Various things about this post make no sense (why compare a one-time-endowment to annual giving and why assume that news will generate no money, for example), but these figures are worth looking at:
Rick Edmonds, the estimable media economics expert at the Poynter Institute, calculated that American newspapers are spending $4.4 billion today on news-gathering…
If you wanted to sustain the current level of newspaper coverage by replacing for-profit funding with non-profit dollars, the typical approach would be to raise an endowment that would be invested conservatively to produce an annual return of 5%. The investment income would be distributed each year to provide the operating budgets for non-profit news organizations.

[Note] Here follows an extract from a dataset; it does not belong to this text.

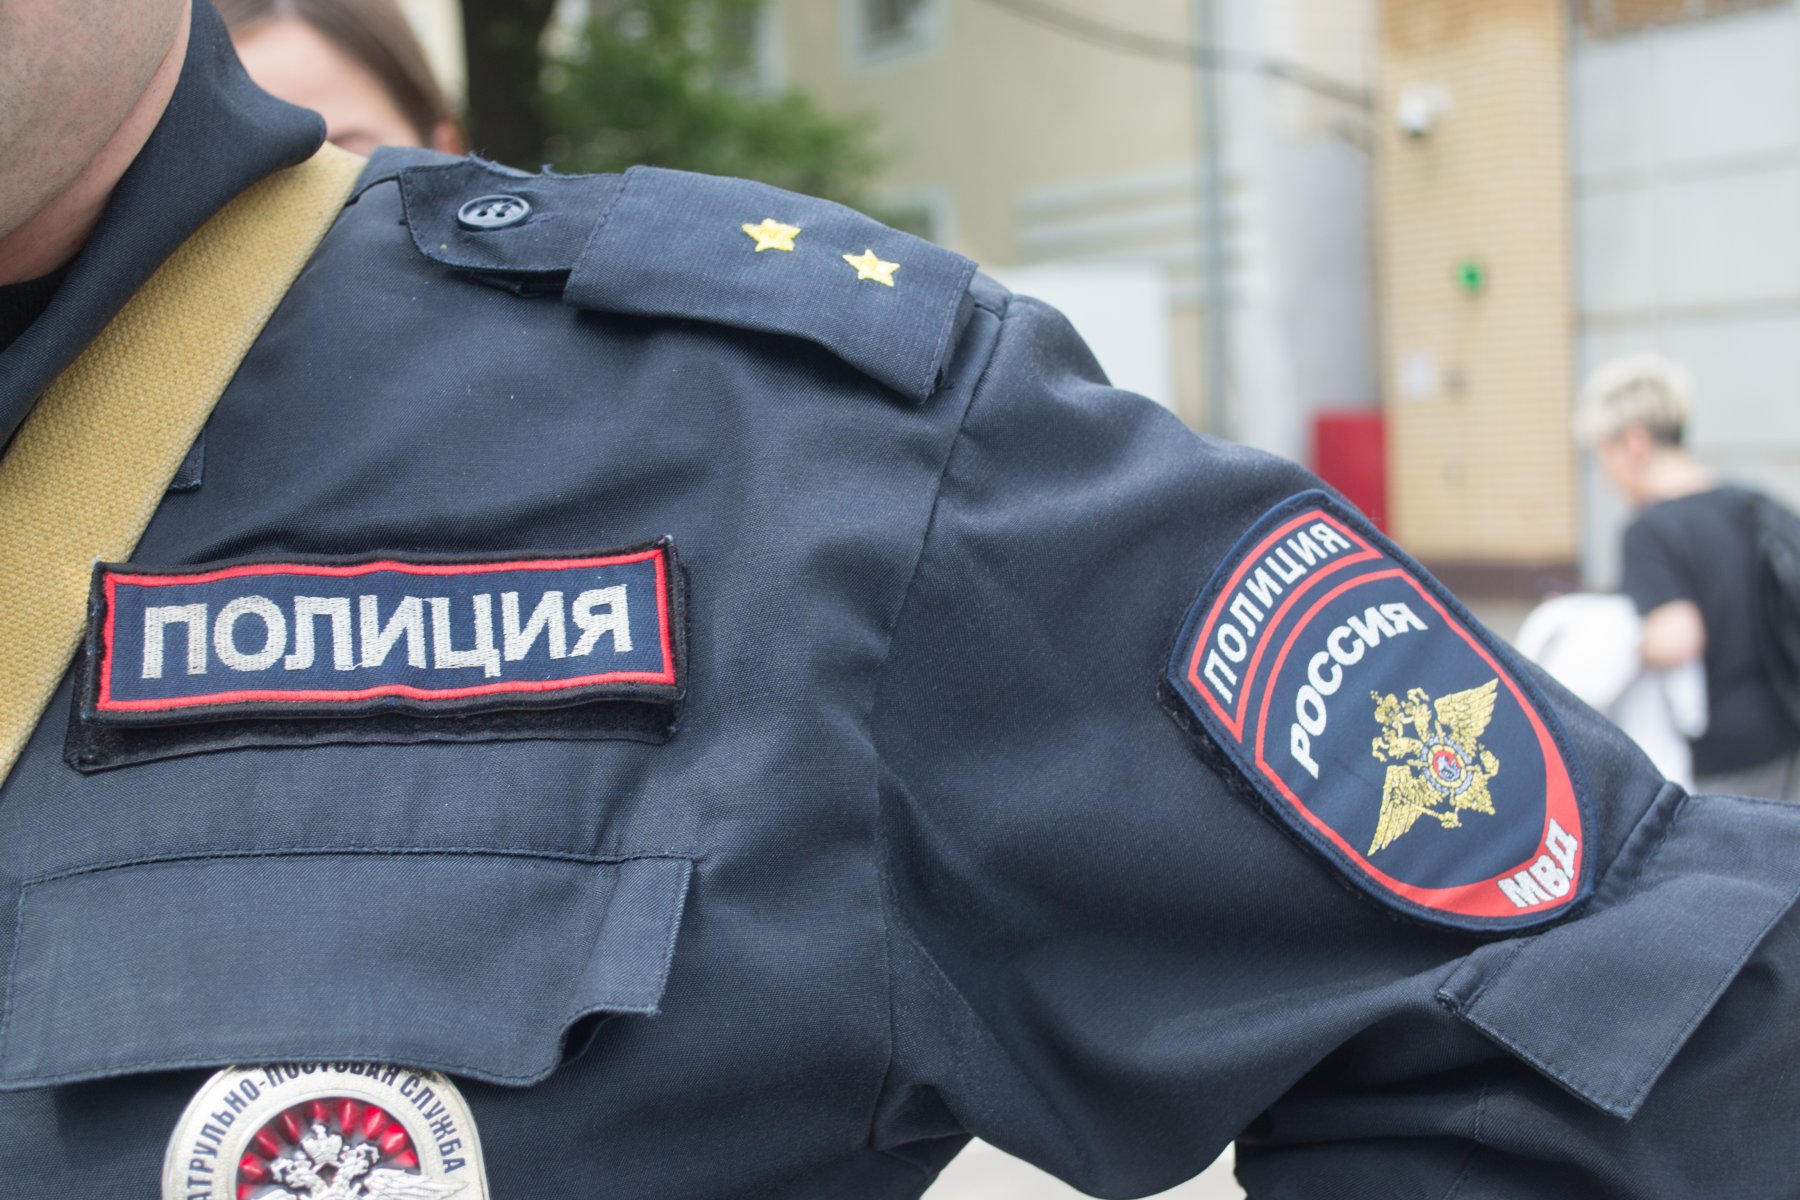 Целый арсенал оружия обнаружили дома у 51-летнего жителя Чехова

The endowment necessary to provide $4.4 billion in annual newsroom funding would be $88 billion.
In a $14 trillion economy, $4.4 billion isn’t much to spend on a little basic oversight. I continue to hold out hope that the better newspapers (specifically, the New York Times) will be able to survive on a non-profit private model, along the lines of America’s private universities.
Zifnab
I think that’s something of a solution right there. Most campuses already have a student-run paper. Expand it, flesh it out, and keep your best students on as reporters and editors.
Beyond that, there are plenty of fledgling papers that exist today that – should the NYT and the WaPo crumble – would grow to fill the void. I think blogs – from science blogs to political blogs to econ blogs to tabloid blogs – have already done to fill the space. I’m honestly not terribly worried about what happens if a giant crumbles. Certainly Murdoch doesn’t think news is a bad business to be in. He must know something, what with being worth billions.
This is one of those cases where you really do have to just kinda step back and let the free market provide. Don’t let the for-profits fool you into thinking they’re too big to fail.
Linda Featheringill
The newspapers serve a function, hopefully of being a source of reliable information, that SOMEBODY needs to do.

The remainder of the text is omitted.